“About five. I was so shocked! Paul never came in until after daylight, and even you don’t show up that early!”
“Don’t ask me to understand the workings of that woman’s mind,” Brick replied darkly. “I think Captain Curvaceous attended police academy on some other planet.”
When Cindy Lou glanced up at Brick, giggling at the nickname he’d coined, her glance fell on his jaw for the first time. “Good heavens, Brick! What happened to you? I thought you were off duty last night.”
He was trying to think of a way to avoid confessing the humiliating truth when he heard the captain’s office door swing open.
To Brick’s dismay, that damned Keppler woman looked every bit as striking in a black uniform as she did dressed for a party. Her braided hair looked more prosaic than it did in a chignon, but somehow the stern image flattered her striking features.
“Bauer, glad you’re here,” the new boss briskly called out to him from across the room. “We’ve got a lot to cover this morning before roll call.”

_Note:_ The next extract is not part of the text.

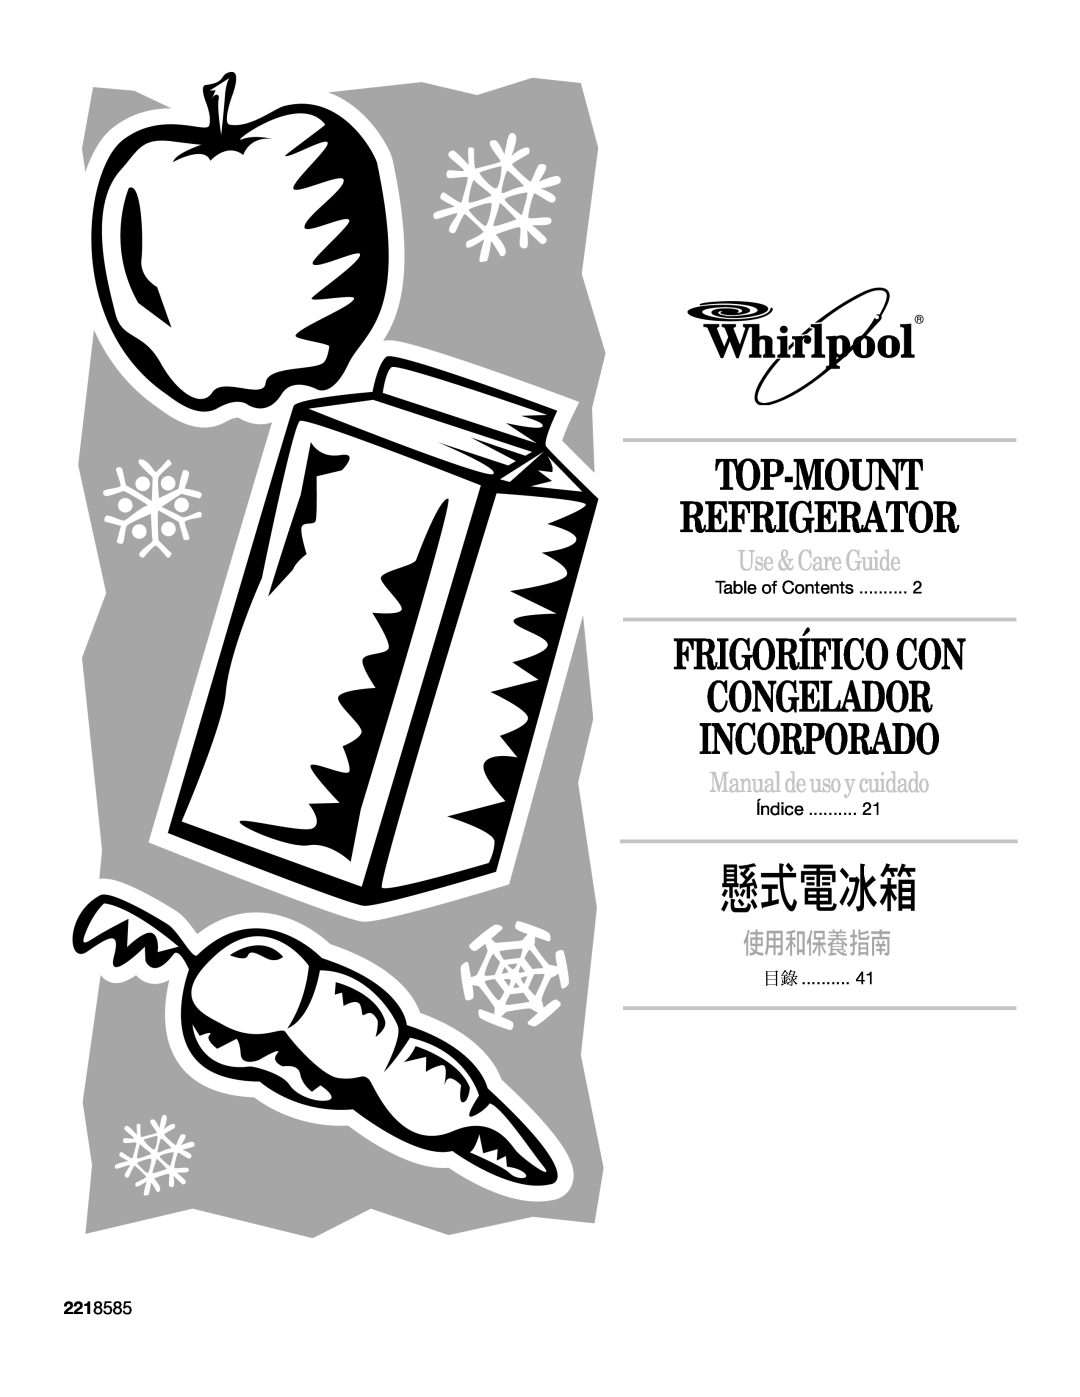 Whirlpool 2218585 manual Top-Mount Refrigerator, Frigorífico Con Congelador Incorporado, Use & Care Guide 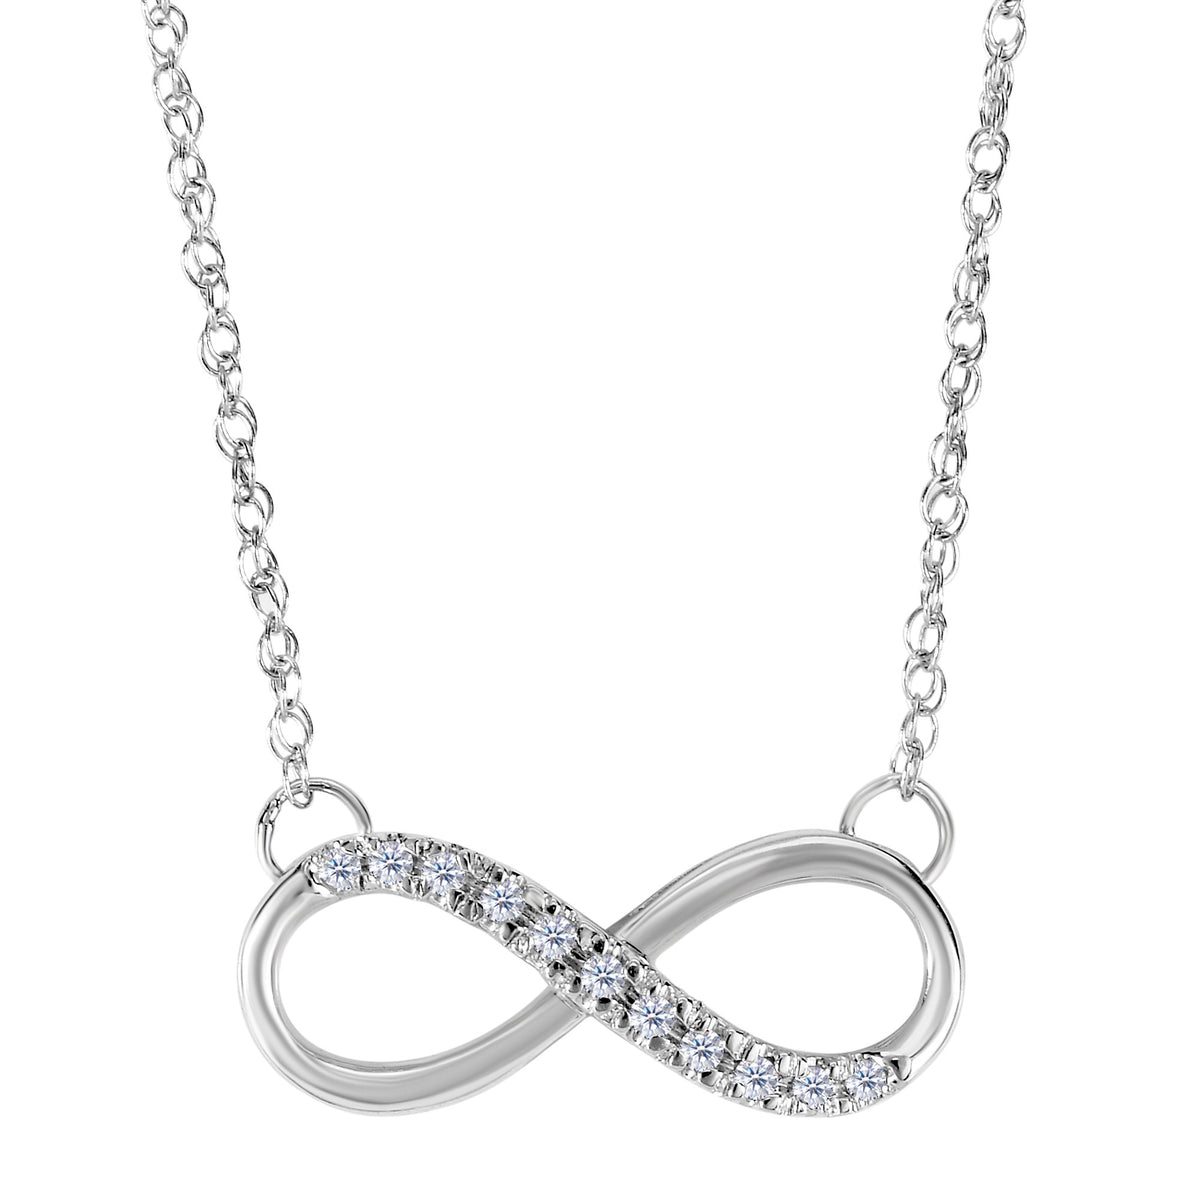 Collar infinito de oro blanco de 14 quilates con diamantes de 0,10 quilates: joyería fina de diseño de 18 pulgadas para hombres y mujeres

“Roll call?” he echoed. With all of six men on each shift, it seemed like a ridiculous formality. “We, uh, don’t do roll call here.”
Karen Keppler straightened then, looking ominous in her uniform as she took a step toward him.
“I beg your pardon, Lieutenant. I believe I heard you say something like ‘we don’t do roll call here.”’
Reluctantly Brick nodded, trying to stifle a new wave of resentment. He was uncomfortably aware that the door behind him had just opened and several day-shift guys had just wisecracked their way into the room. “That’s what I said, Captain Keppler. Paul always—”
“Lieutenant, I am not interested in the sections of the county code violated by my predecessor unless they are serious enough for prosecution,” she cut in, her gray eyes showing all the warmth of a glacier. “I am interested in instituting proper police procedures in accordance with the newly revised manual. I did not devote most of a year of my off-duty time to updating this edition in order to have it ignored by the men under my command. Is that clear?”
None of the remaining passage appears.